[PATCH mptcp-net] mptcp: fix lockdep false positive

Paolo Abeni posted 1 patch 1 year, 4 months ago
Patches applied successfully (tree, apply log)
git fetch https://github.com/multipath-tcp/mptcp_net-next tags/patchew/0818f7332284bd7781956959fbebb90188e140cb.1670435550.git.pabeni@redhat.com
Maintainers: Mat Martineau <mathew.j.martineau@linux.intel.com>, Matthieu Baerts <matthieu.baerts@tessares.net>, "David S. Miller" <davem@davemloft.net>, Eric Dumazet <edumazet@google.com>, Jakub Kicinski <kuba@kernel.org>, Paolo Abeni <pabeni@redhat.com>, Jiang Biao <benbjiang@tencent.com>, Menglong Dong <imagedong@tencent.com>
There is a newer version of this series
net/mptcp/protocol.c |  2 +-
net/mptcp/protocol.h |  2 +-
net/mptcp/subflow.c  | 14 ++++++++++++--
3 files changed, 14 insertions(+), 4 deletions(-)
[PATCH mptcp-net] mptcp: fix lockdep false positive
Posted by Paolo Abeni 1 year, 4 months ago
MatB reported a lockdep splat in the mptcp listener code cleanup:

 WARNING: possible circular locking dependency detected
 packetdrill/14278 is trying to acquire lock:
 ffff888017d868f0 ((work_completion)(&msk->work)){+.+.}-{0:0}, at: __flush_work (kernel/workqueue.c:3069)
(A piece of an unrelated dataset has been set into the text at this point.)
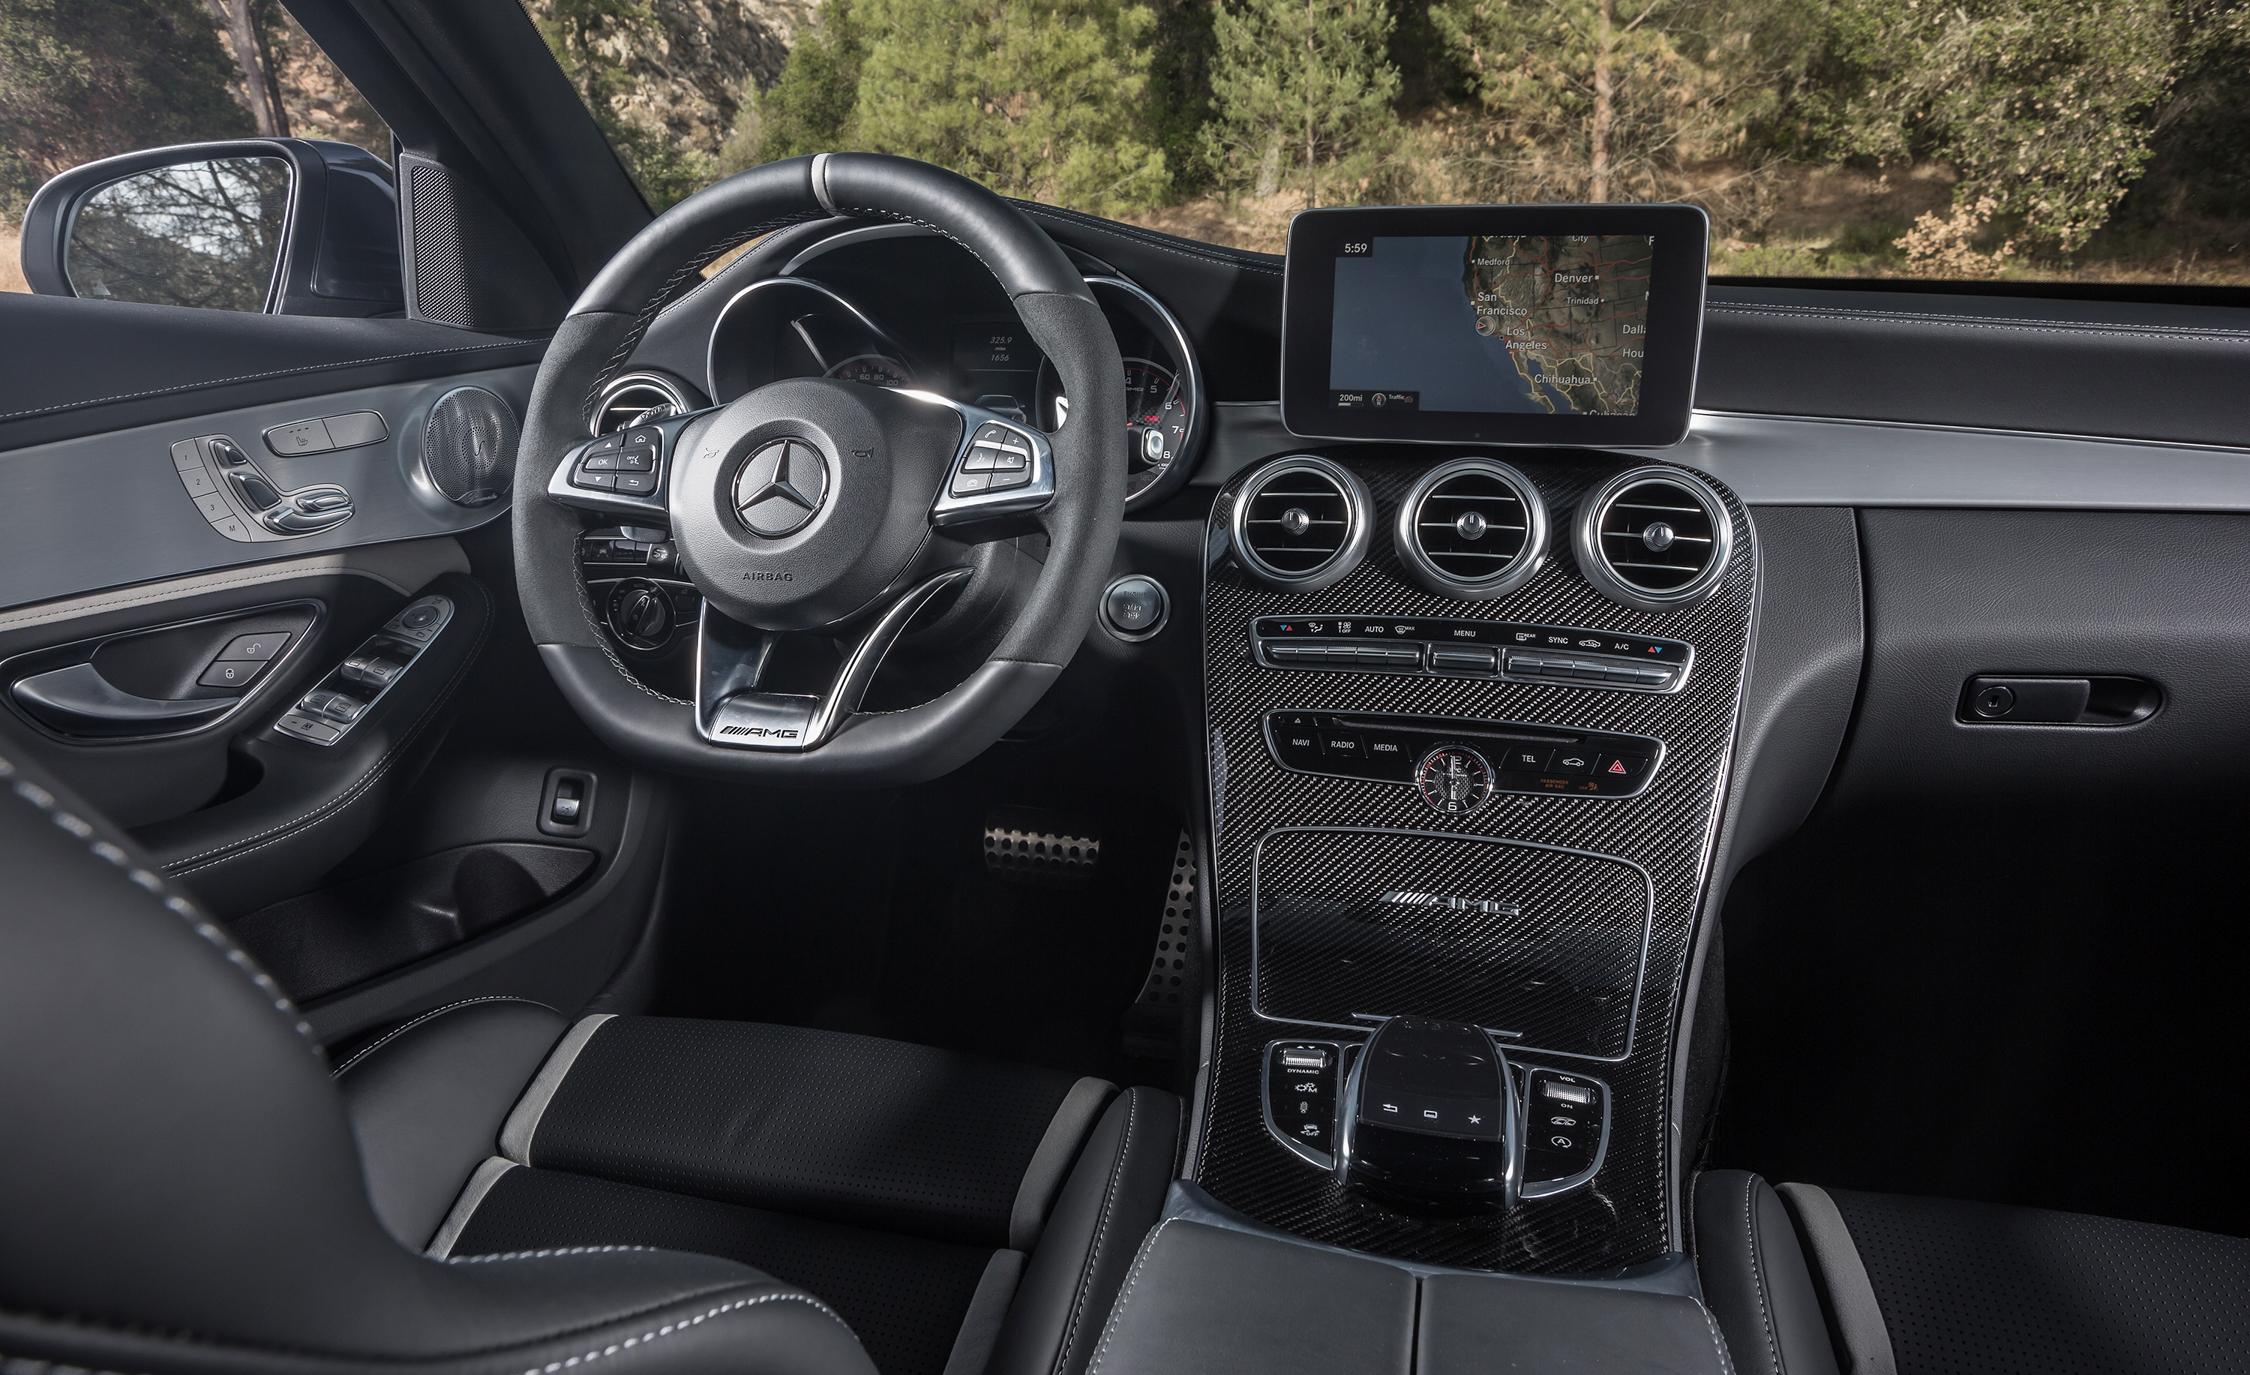 2015 Mercedes-AMG C63 S-Model Cockpit and Dashboard
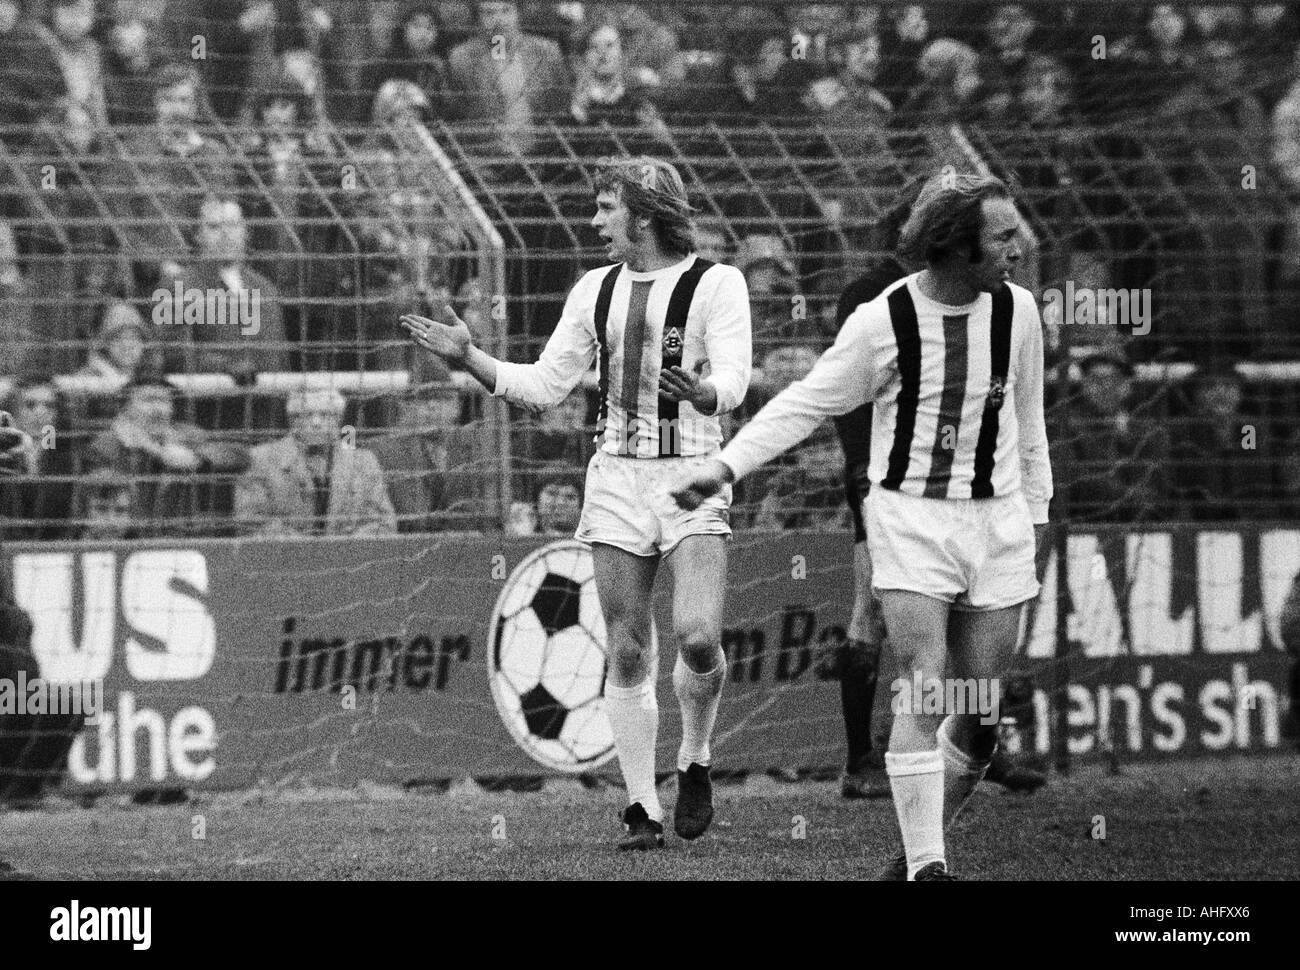 football, Bundesliga, 1972/1973, Borussia Moenchengladbach versus FC Bayern Munich 0:3, Boekelberg Stadium, scene of the match, left Henning Jensen (MG), right Bernd Rupp (MG) - Stock Image

 but task is already holding lock:
 ffff888017d84130 (sk_lock-AF_INET){+.+.}-{0:0}, at: mptcp_close (net/mptcp/protocol.c:2973)

 which lock already depends on the new lock.


 the existing dependency chain (in reverse order) is:

 -> #1 (sk_lock-AF_INET){+.+.}-{0:0}:
        __lock_acquire (kernel/locking/lockdep.c:5055)
        lock_acquire (kernel/locking/lockdep.c:466)
        lock_sock_nested (net/core/sock.c:3463)
        mptcp_worker (net/mptcp/protocol.c:2614)
        process_one_work (kernel/workqueue.c:2294)
        worker_thread (include/linux/list.h:292)
        kthread (kernel/kthread.c:376)
        ret_from_fork (arch/x86/entry/entry_64.S:312)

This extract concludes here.